Since the fall of Suharto’s New Order regime, more and more Indonesian women have chosen to use the hijab as a way to outwardly express their Islamic faith and identity. But in many parts of the increasingly conservative country, the choice has turned into a requirement as sharia-influenced bylaws have been passed in many regions which require Muslim civil servants and students to wear them. In some areas like Aceh, even non-Muslim females are required to use the hijab.
Such a law doesn’t exist in Bayuwangi, the easternmost of Java’s regencies, but that didn’t stop a middle school in the city of Genteng from denying a student entrance to the school on the grounds that she was a non-Muslim who did not want to wear a hijab as required by the school.

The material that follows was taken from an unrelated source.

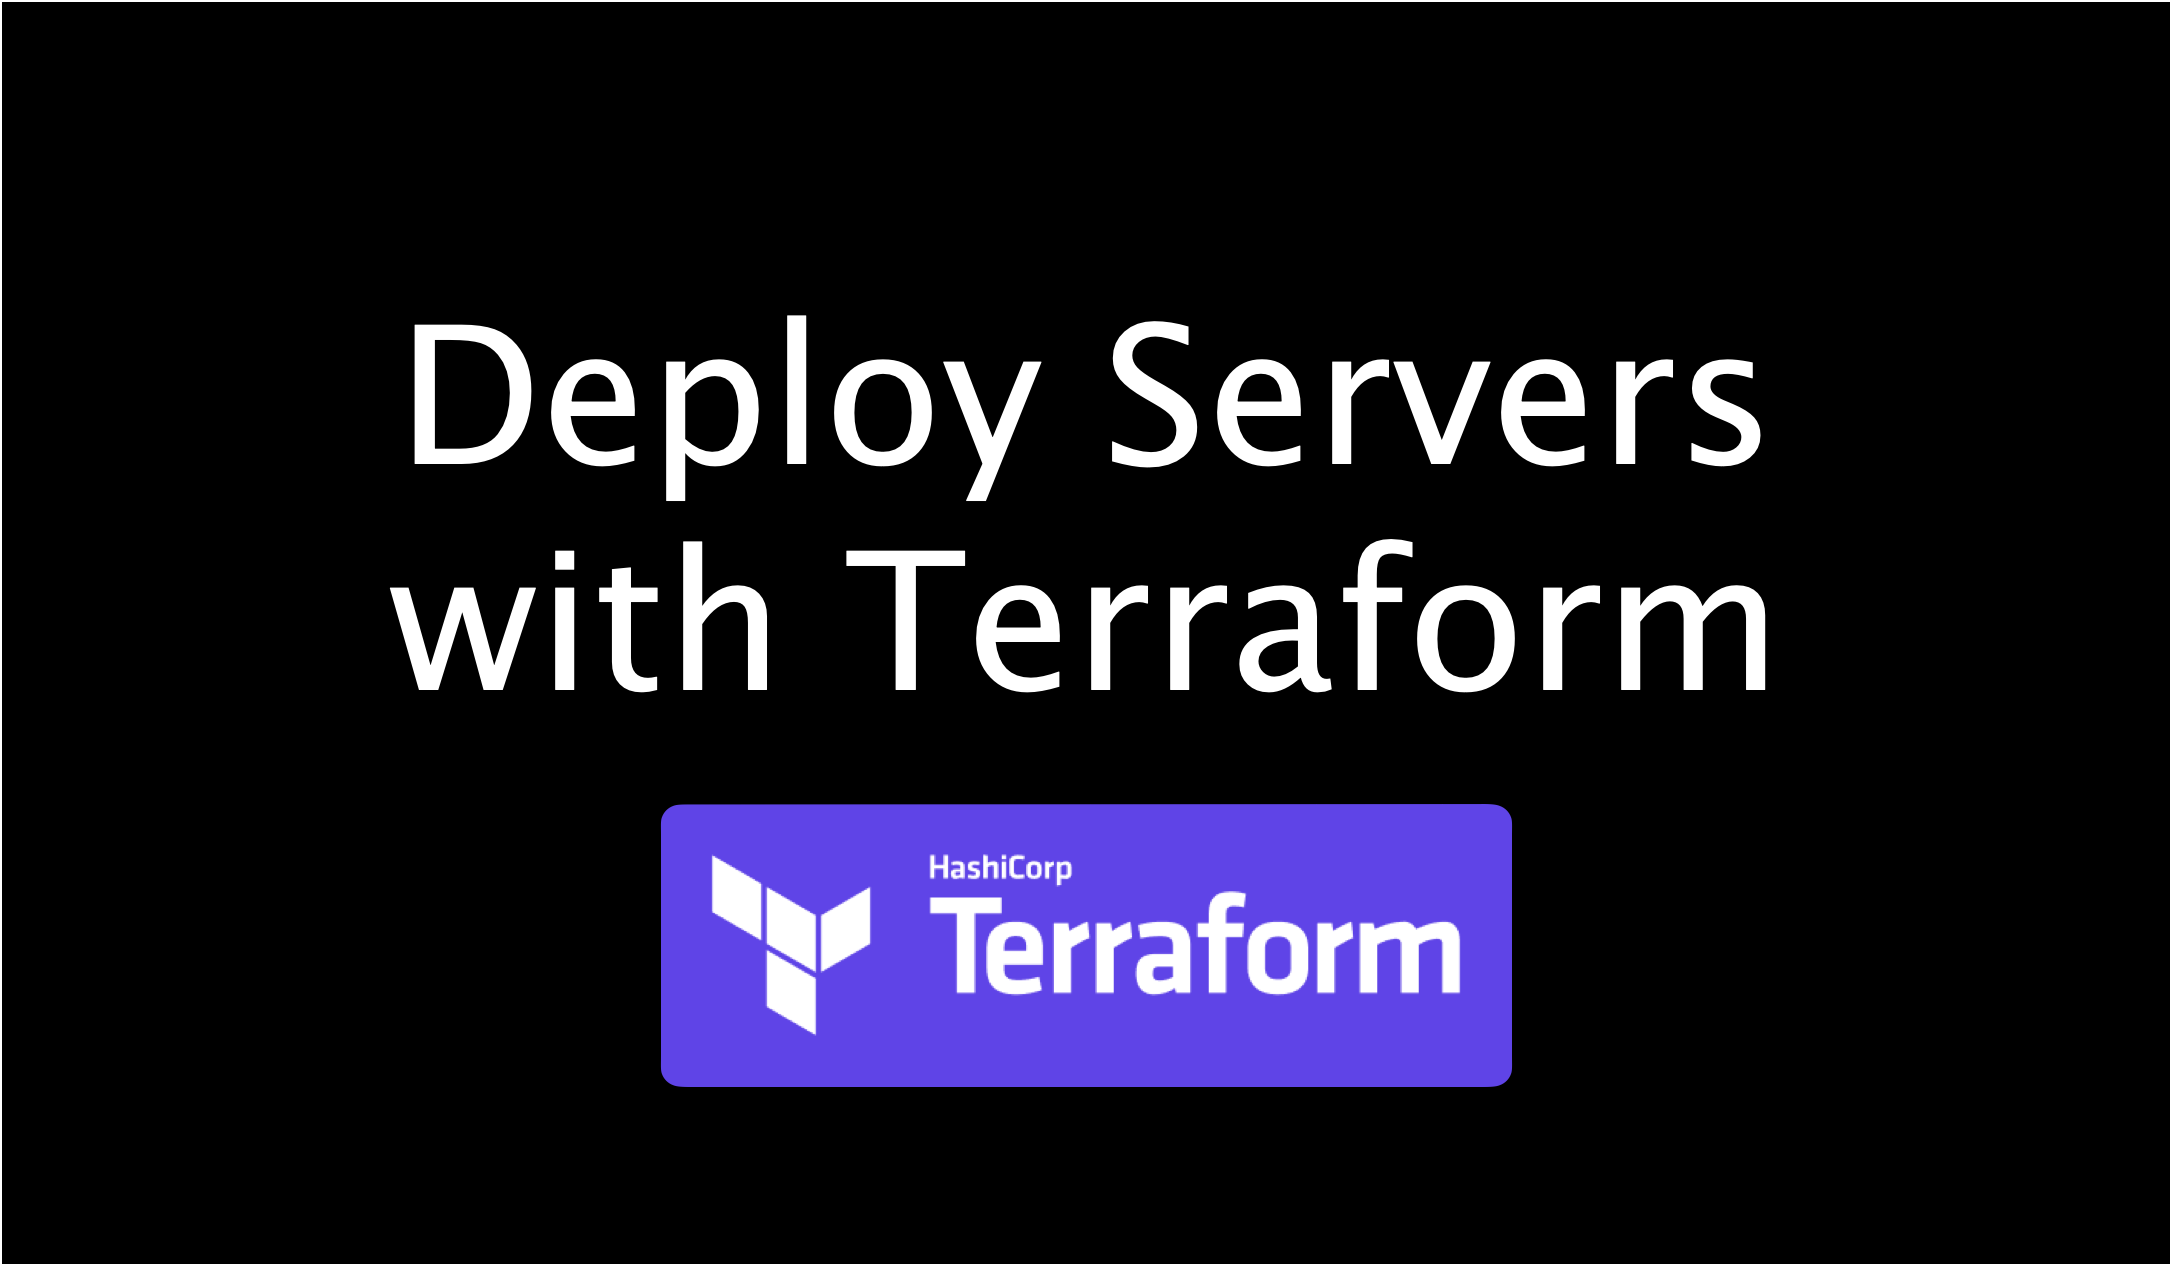 Deploy Servers with Terraform

The regent of Banyuwangi, Abdullah Azwar Anas, said he was shocked and angry upon hearing the news that SMPN 3 Sempu had denied the girl her educational rights and said he would sanction and evaluate the school’s principal.

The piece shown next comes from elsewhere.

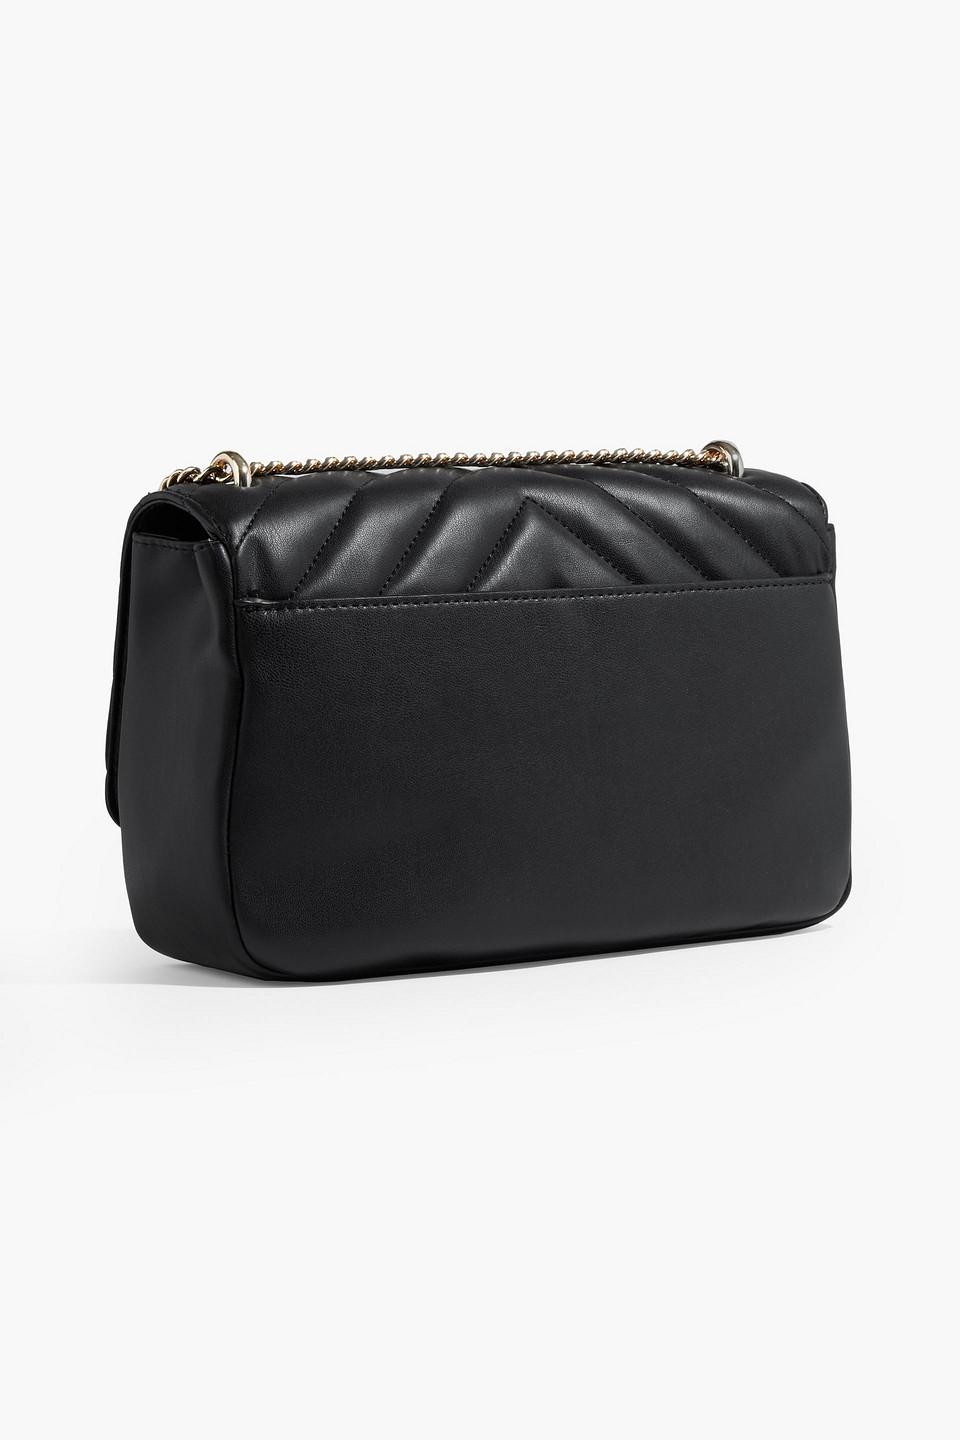 Brand New DKNY Veronica Shoulder/Crossbody Bag

“I got the information and was shocked. I called Pak Sulihtiyono (the head of the regency’s education department) and asked for him to check it out. It turned out that the (hijab requirement) was the initiative of the school leadership. Frankly, I am disappointed. We are trying to uphold the harmony of society, but how can we if there is still a paradigm like this? If it is for Muslim students, it would not be a problem, but it has been generalized without looking at the background of the student’s religion,” Anas told reporters yesterday as quoted by Detik.
The incident was first reported to authorities by the student’s father after he went to enroll her in the school and purchase her uniform. School officials handed him the fabric for a hijab and told him his daughter had to wear it as a requirement to attend the school.

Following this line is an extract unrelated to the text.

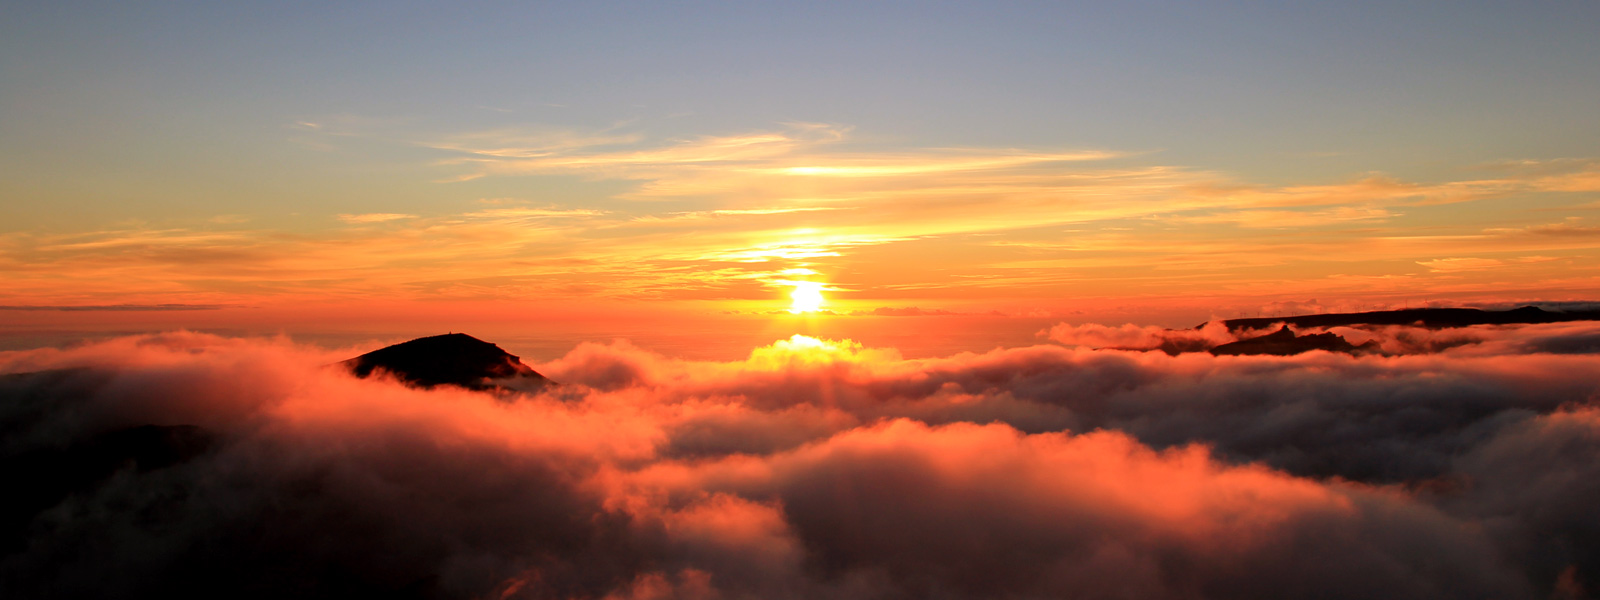 Pico do Areeiro - Sunset

The father reported the incident to the Regency’s Department of Education, which was, fortunately, able to place his daughter in another middle school. The department also demanded that SMPN3 immediately revoke their regulation forcing non-Muslim students to wear the hojab.
However, the acting principal of SMPN 3 claimed that the non-Muslim student’s rejection was just a “miscommunication” and that the enrollment board had been acting on “incomplete regulations”. He said the school board actually did not require non-Muslims to wear hijabs, but that part of the regulations somehow hadn’t been communicated to the enrollment committee when they were enrolling this year’s students.